If you’re anti-car, you’re anti-car. But that doesn’t mean that cars don’t solve slightly different variations of similar problems in different ways. Especially since some of the biggest downsides of cars would be eliminated by AI car fleets. Even without those solutions, cars still have a place in modern life whether you like it or not.
And it’s not computationally a dead end. Like, at all. See above.
AI Fleets don’t solve the massive space problems that roads take up and the forced sprawl that is required to accommodate bigger and bigger vehicles.
Cars are fun, I love cars. Cars have no place in the day to day life of a human centric city. Anything a car can do can be accomplished more efficiently and faster by non-car transportation.
AI Fleets don’t solve the massive space problems that roads take up and the forced sprawl that is required to accommodate bigger and bigger vehicles.
They most certainly do. If everyone can just freely hail an autonomous vehicle from a stack sitting outside the place they just left, they don’t all need to bring their own cars into said area. This saves substantially on parking which is far and away the biggest impact on said “sprawl”.
And there’s no reason those vehicles need to be big either. So that solves your other problem too.
Anything a car can do can be accomplished more efficiently and faster by non-car transportation.
This is almost entirely false. Cars end up “losing” because of problems like the above, such as parking, and many of those are just removed by autonomous vehicles.
TIL, a fleet of idling AI vehicles outside of a massive public venue like a Stadium takes up no space. You must be an urban planner.
The point is you don’t need nearly as many cars when they’re rented as needed as opposed to one for every person in the space.
Come now, you can’t actually be that dense.
This is the best summary I could come up with:
In Phoenix, Austin, Houston, Dallas, Miami, and San Francisco, hundreds of so-called autonomous vehicles, or AVs, operated by General Motors’ self-driving car division, Cruise, have for years ferried passengers to their destinations on busy city roads.
In an internal address on Slack to his employees about the suspension, Vogt stuck to his message: “Safety is at the core of everything we do here at Cruise.” Days later, the company said it would voluntarily pause fully driverless rides in Phoenix and Austin, meaning its fleet will be operating only with human supervision: a flesh-and-blood backup to the artificial intelligence.

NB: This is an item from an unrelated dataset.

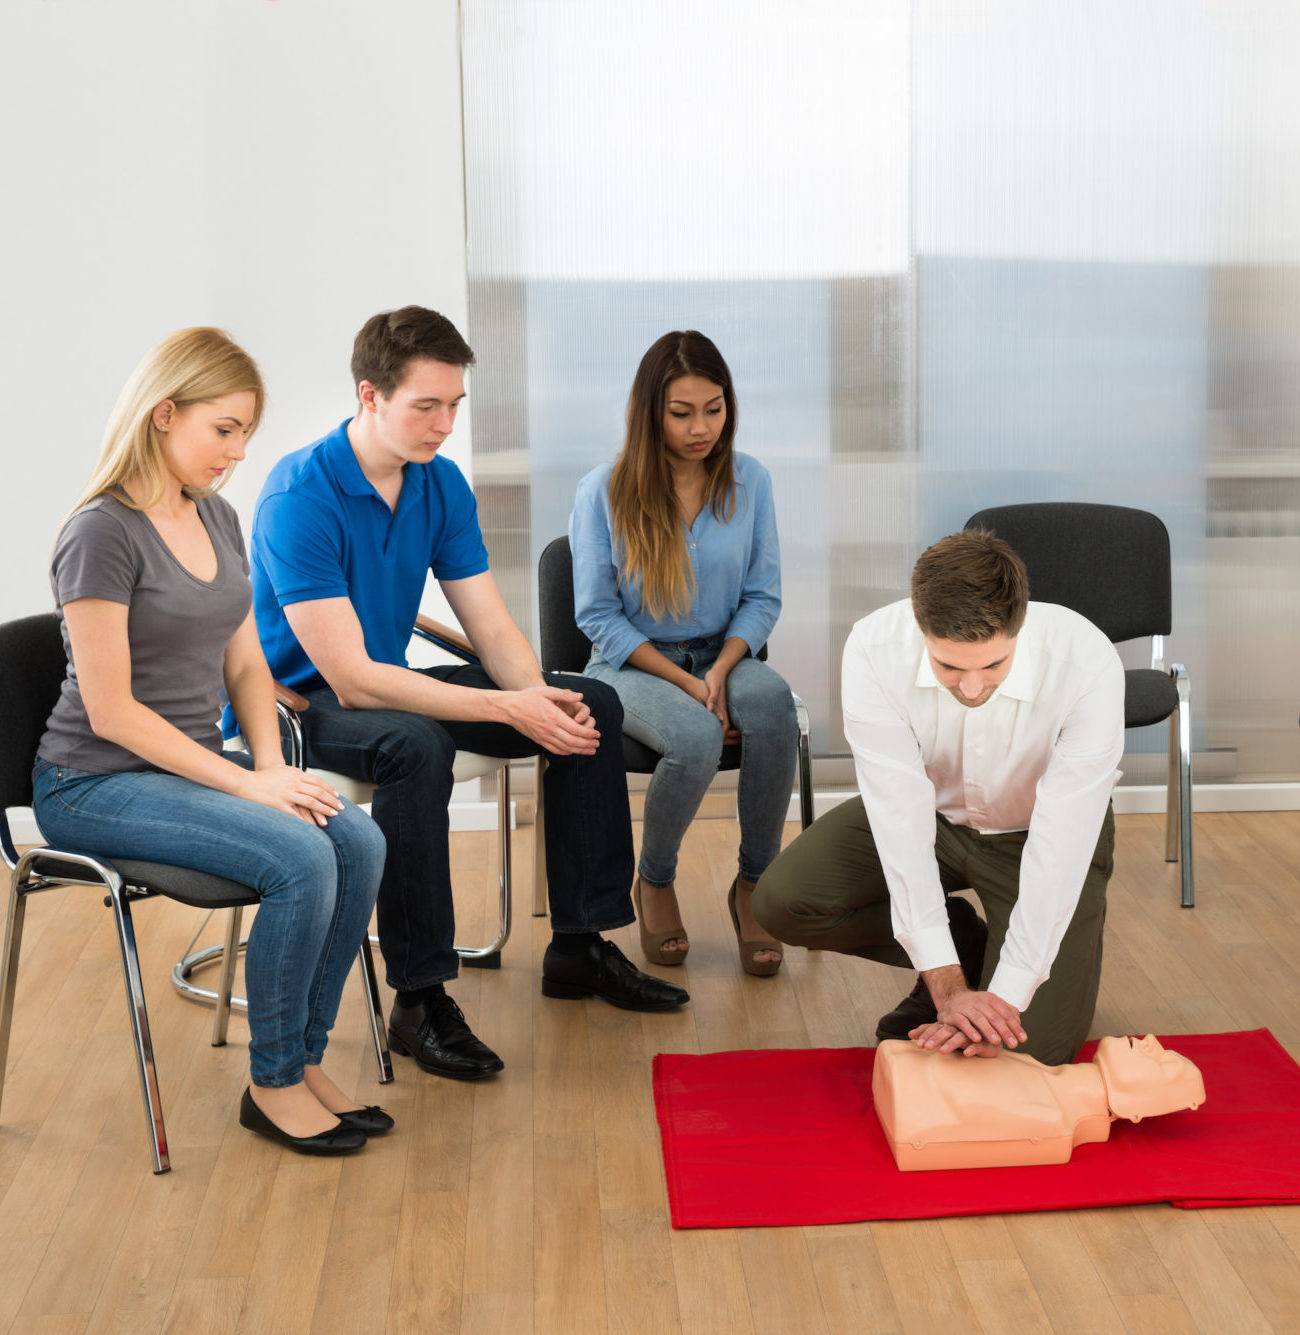 Office worker practices CPR on a manikin.

“This strikes me as deeply irresponsible at the management level to be authorizing and pursuing deployment or driverless testing, and to be publicly representing that the systems are reasonably safe,” said Bryant Walker Smith, a University of South Carolina law professor and engineer who studies automated driving.
Though AV companies enjoy a reputation in Silicon Valley as bearers of a techno-optimist transit utopia — a world of intelligent cars that never drive drunk, tired, or distracted — the internal materials reviewed by The Intercept reveal an underlying tension between potentially life-and-death engineering problems and the effort to deliver the future as quickly as possible.

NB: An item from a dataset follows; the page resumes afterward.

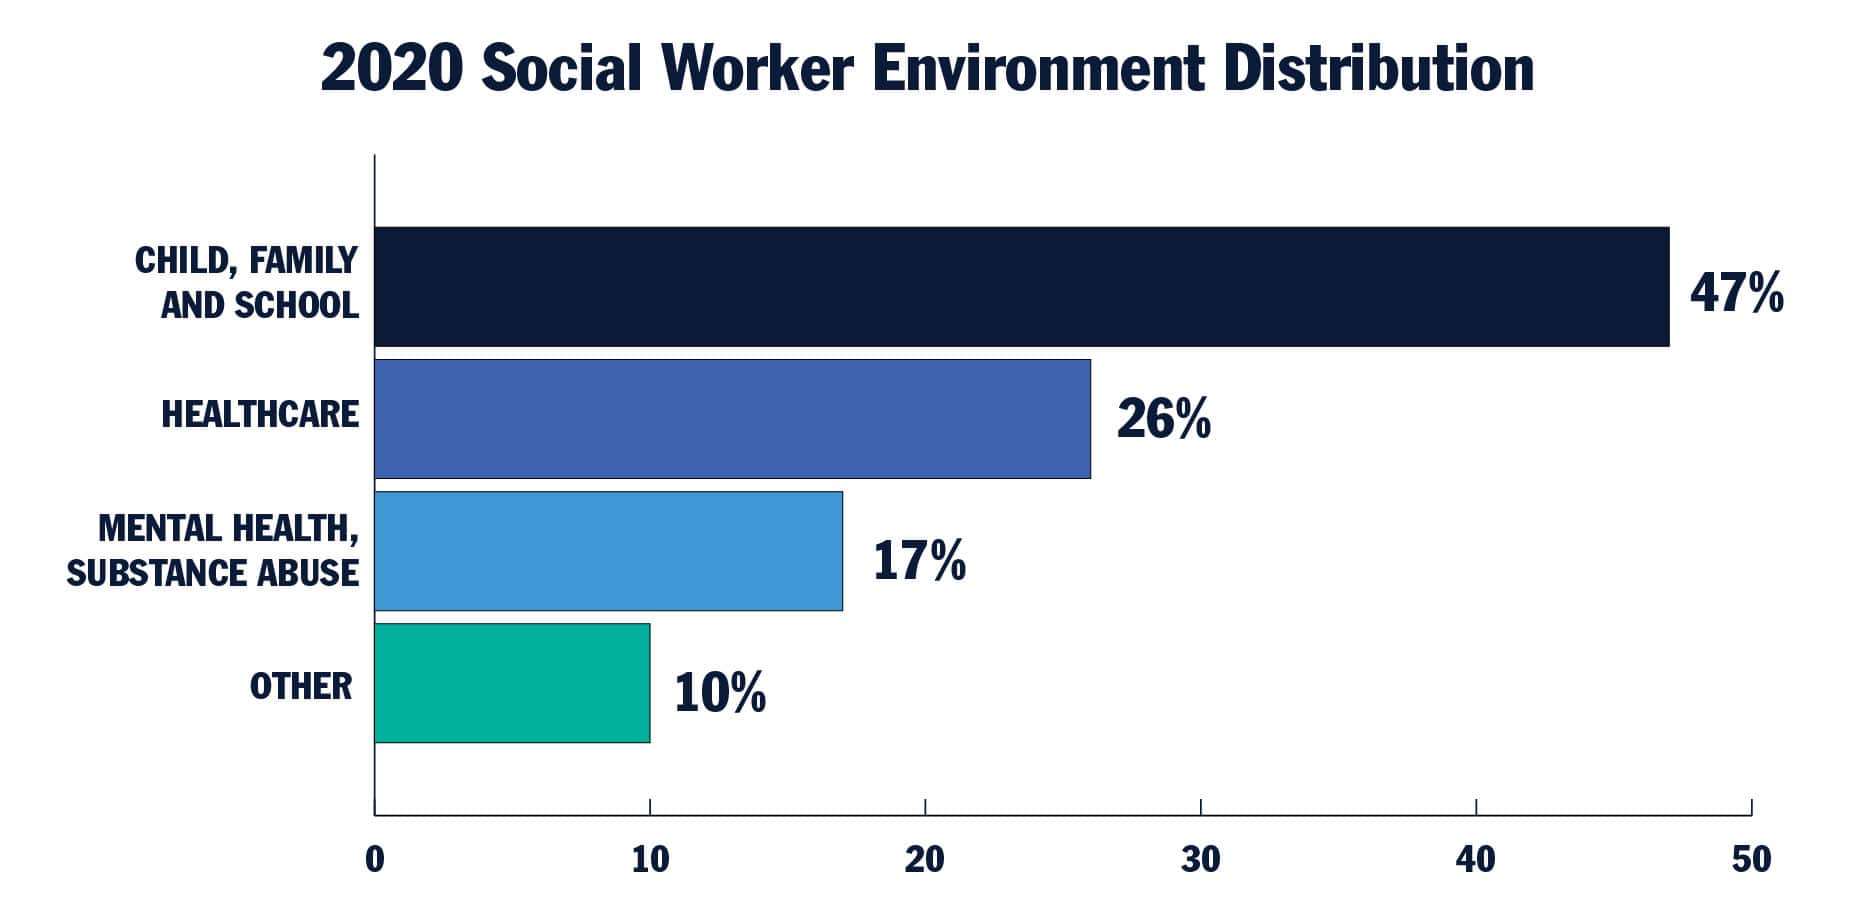 Infographic with the text 2020 Social Worker Environment Distribution  - 47% - Child, family and school  - 26% - Healthcare  - 17% - Mental health, substance abuse  - 10% - Other

It appears this concern wasn’t hypothetical: Video footage captured from a Cruise vehicle reviewed by The Intercept shows one self-driving car, operating in an unnamed city, driving directly up to a construction pit with multiple workers inside.
According to one safety memo, Cruise began operating fewer driverless cars during daytime hours to avoid encountering children, a move it deemed effective at mitigating the overall risk without fixing the underlying technical problem.
The original article contains 3,018 words, the summary contains 273 words. Saved 91%. I’m a bot and I’m open source!
Cruisin’ for a bruisin’
Not the article topic I expected for “I swear I didn’t know that was a child”.